If you want to have any kind of hedge against the continuous, systemic institutional failures, you can not simply try to build another system that puts another institution at the top.


> Tell me how to solve decentralized consensus without having a blockchain, and I'll be the first to drop all my work with it.

I doubt you will, but you asked, so: byzantine Paxos.

The point of the person you are responding to is that solving decentralized consensus is only an academic exercise. If your country wants to prevent your from participating in an economy, it can; the only recourse is political.


> byzantine Paxos.

Okay, I should've added "permissionless" to the list of desired properties. If you can a priori choose who gets to participate you´d have a point.

> If your country wants to prevent your from participating in an economy, it can

I think that the eternally losing "War on Drugs" should be a lesson that shows this is simply not true. Also, consider how Black Markets are a thing in authoritarian places, not free ones.

So, no, as much as a country can make it difficult for others, they can not outright stop anyone without significant cost to themselves.


No, it's a solution that solves the problem of centralization, stop with this "it's a solution looking for a problem" regurgitated rhetoric.


Standardized APIs solve centralization. The use of Merkle trees to store way too much data and make a distributed computer slower than any individual node has nothing to do with that.


No, they don't. They still don't ensure data availability, consistency and you still have to trust the API provider, a third party. Web3 does away will all that. You just use the service.


Decentralization itself is what gets you availability, not the blockchain structure. A consensus algorithm is what gets you consistency, not a blockchain structure. There's no need to store your data in the most wasteful way to store data and perform compute to get these features.

And "zero trust" is a myth. We can see that from the $7.7 BILLION in fraud that has been committed in crypto markets in just the last year. https://www.zdnet.com/article/scammers-grabbed-7-7-billion-w...


The blockchain data structure makes the data it encodes tamper-proof. It makes historical data immutable, and it makes the current state of a system and the state transitions that led to the current state fully auditable in a shared-data context. These features enable applications that might otherwise incentivize illicit data tampering (such as applications that deal with asset account balances and ownership records) to be decentralized. I am unaware of another solution to this particular problem.

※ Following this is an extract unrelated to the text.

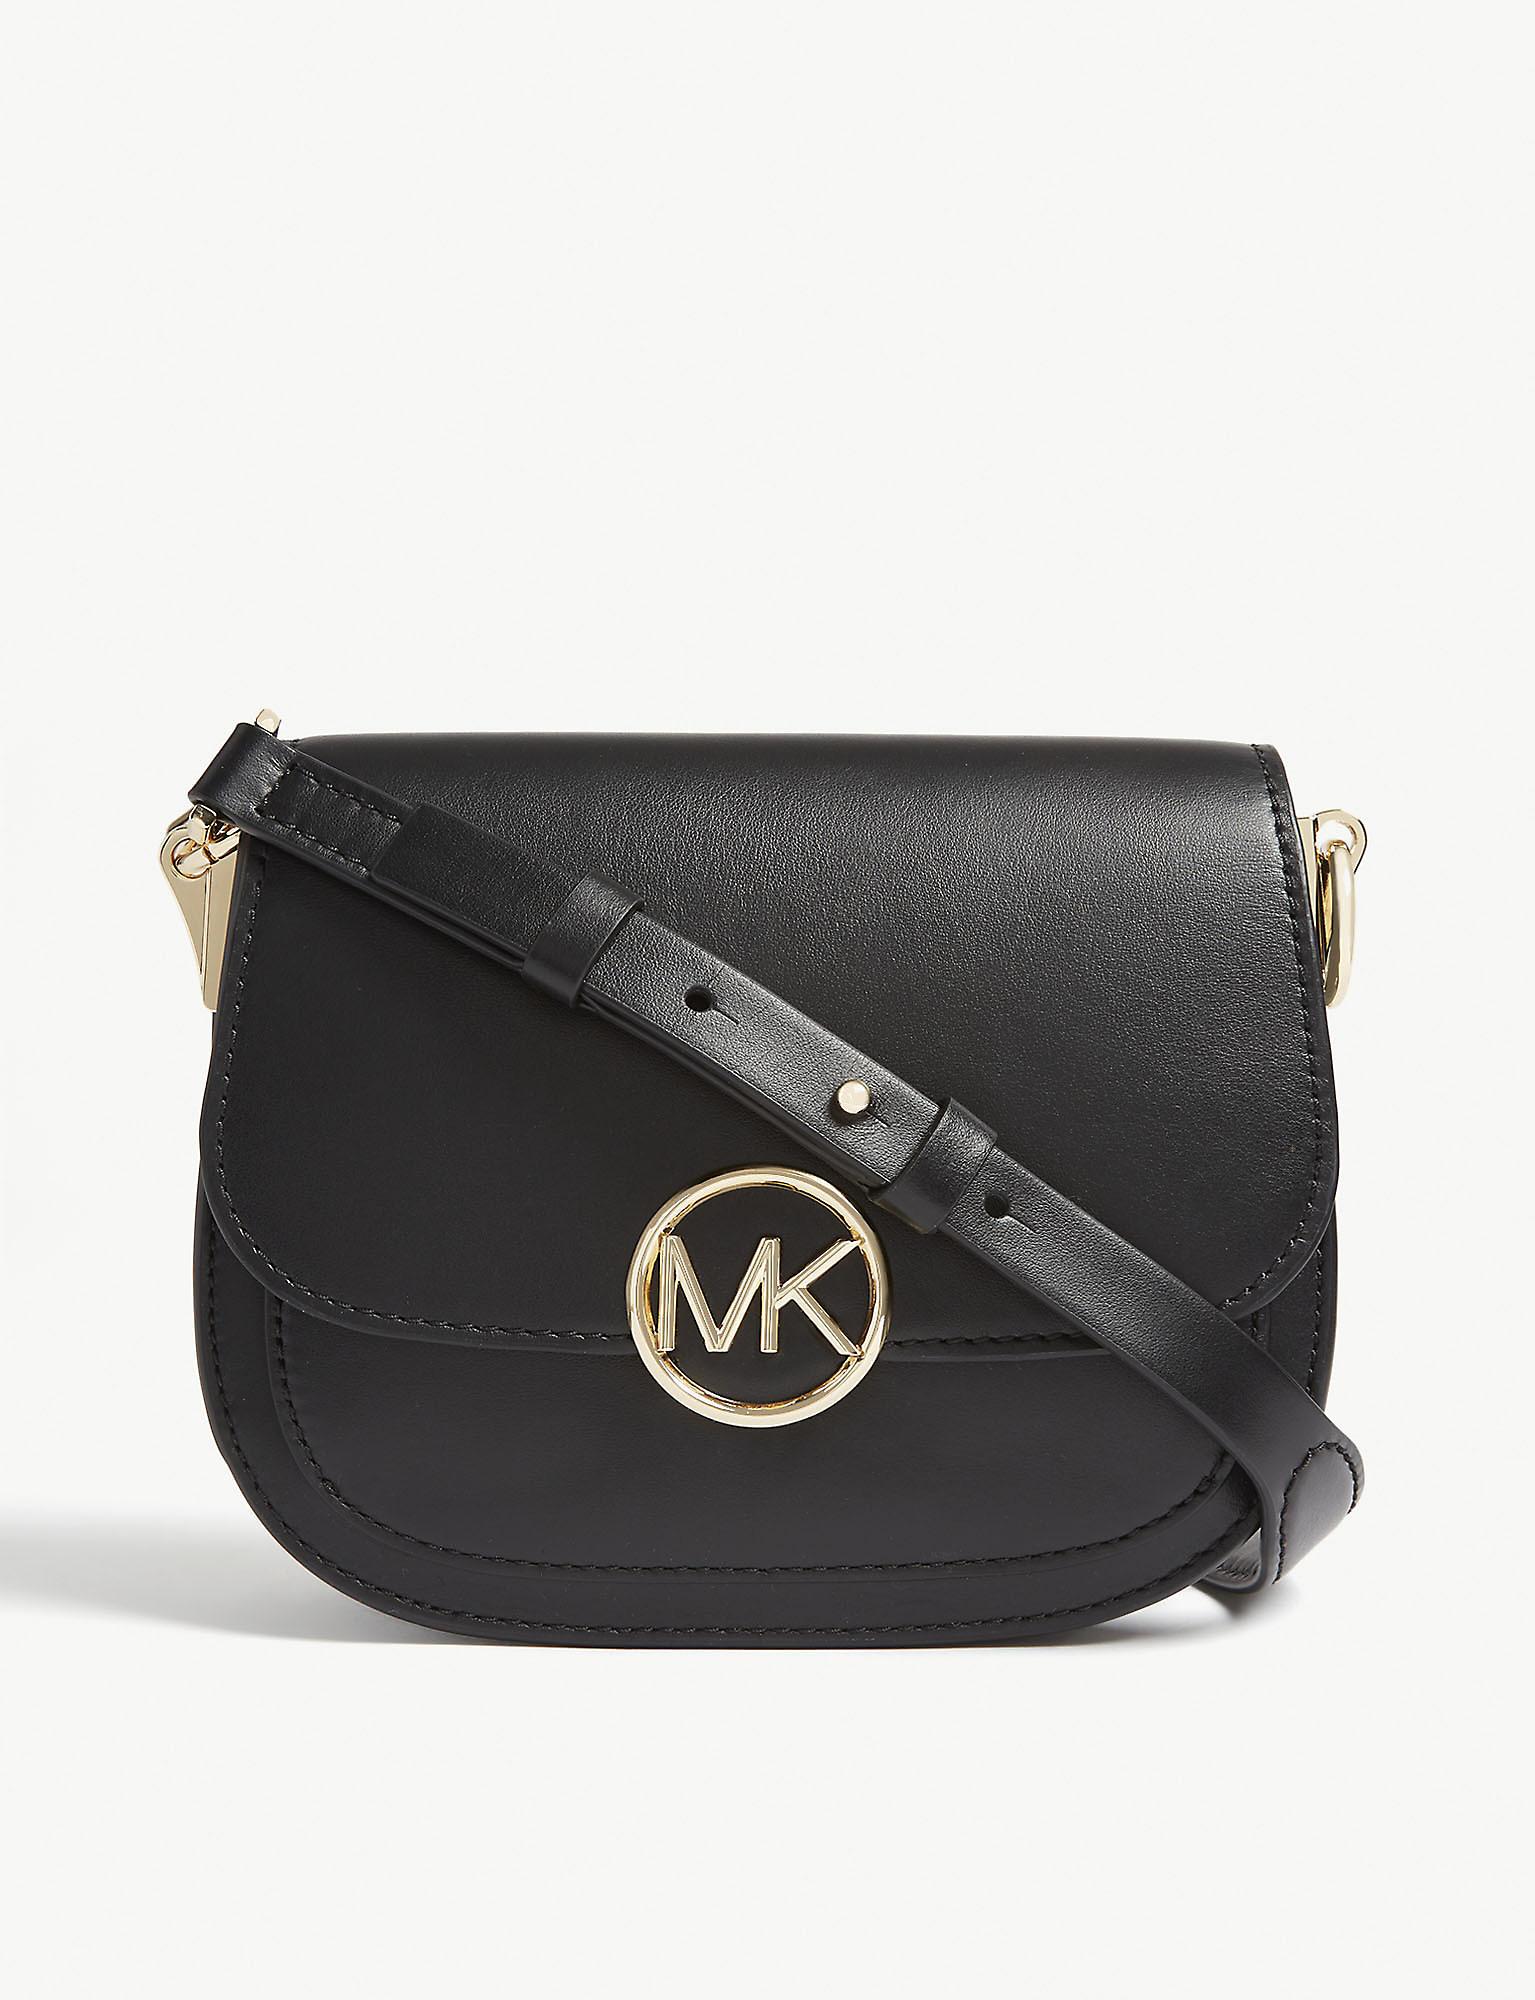 MICHAEL Michael Kors Lillie Small Leather Saddle Bag in Black - Lyst

"Zero trust" is meant to refer to the data layer: because the current state of a blockchain system can be re-generated deterministically from the historical data—which is immutable and fully auditable—you don't have to trust anyone's version of the current system state, even if you are not yourself currently keeping a copy of it.

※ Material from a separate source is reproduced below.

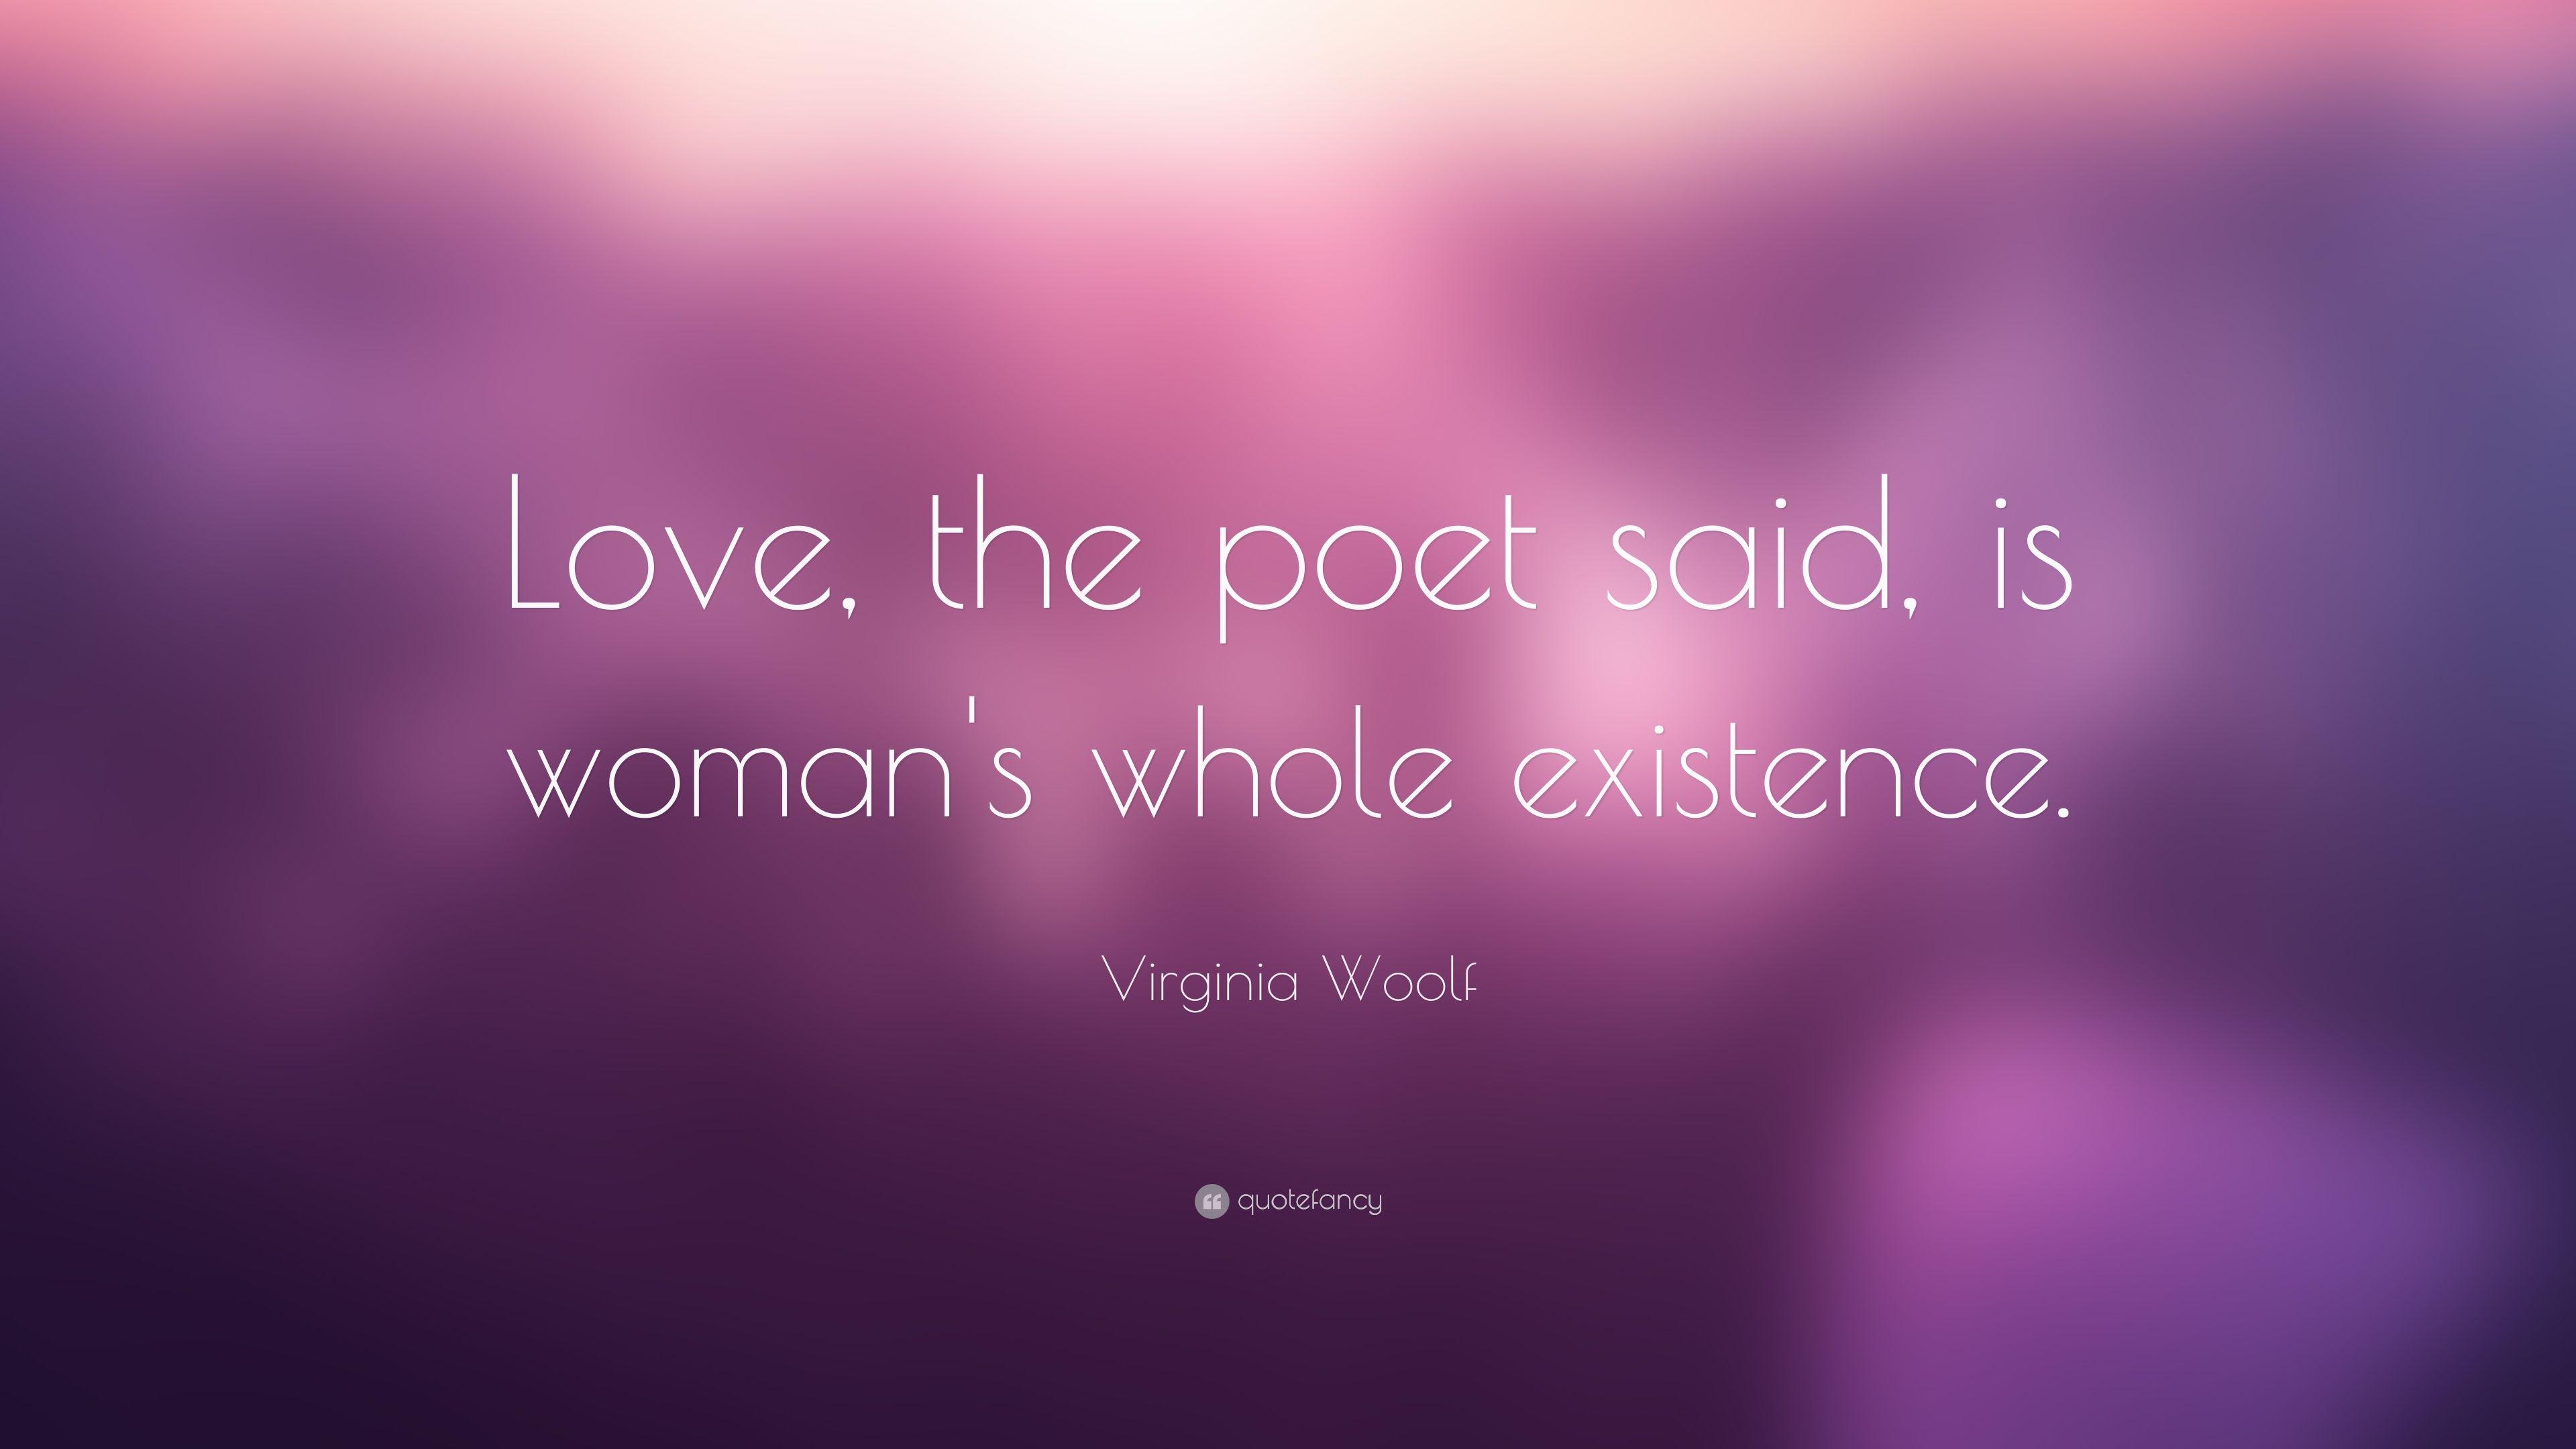 Virginia Woolf Quote: “Love, the poet said, is woman's whole

These technologies do not solve all of the moral and ethical problems that humanity faces, but I don't think anyone is claiming that they do. Blockchains don't stop people from deceiving each other, and they don't make people smarter so that they entirely avoid introducing bugs into their software, and they don't stop people from trying to steal from one another.

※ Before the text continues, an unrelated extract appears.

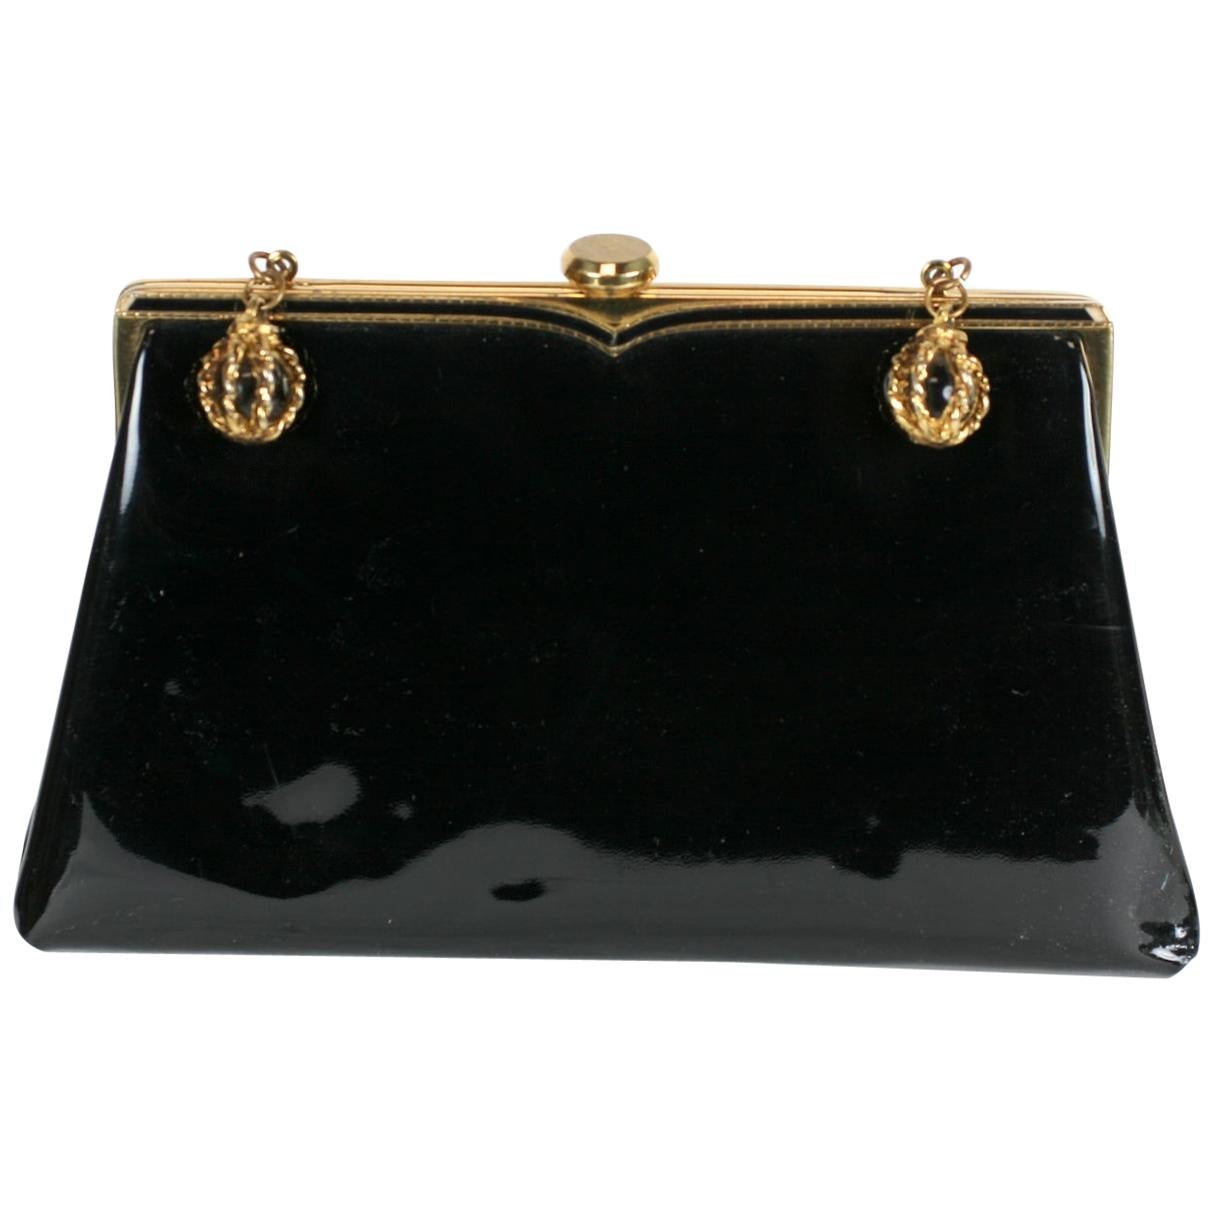 Coblentz Patent Clutch with Glass Orb Charms

But they do make it possible to decentralize high-value data records that would otherwise need to live in high-security environments controlled by governments or well-capitalized businesses that would also need to be trusted 100% not to tamper with those records.


How does decentralization give you availability? You need a financial incentive to make data available, that's where the tokens come in. Also stop conflating all crypto with scams, it's a moot point and borders on arguing in bad faith. People use good old money to run scams and rob people all the time. The fact that people use the tool with malicious intents doesn't detract from the value of the tool itself.


Stop ignoring the fact that scams happen in this system that you proponents say is supposed to solve the ills of the current economic system!


I personally don't care about DeFi, I only care about the technological aspect. The tokens are just a mean to use the decentralized service. And again, people misusing the tool does not detract from the merits of the tool.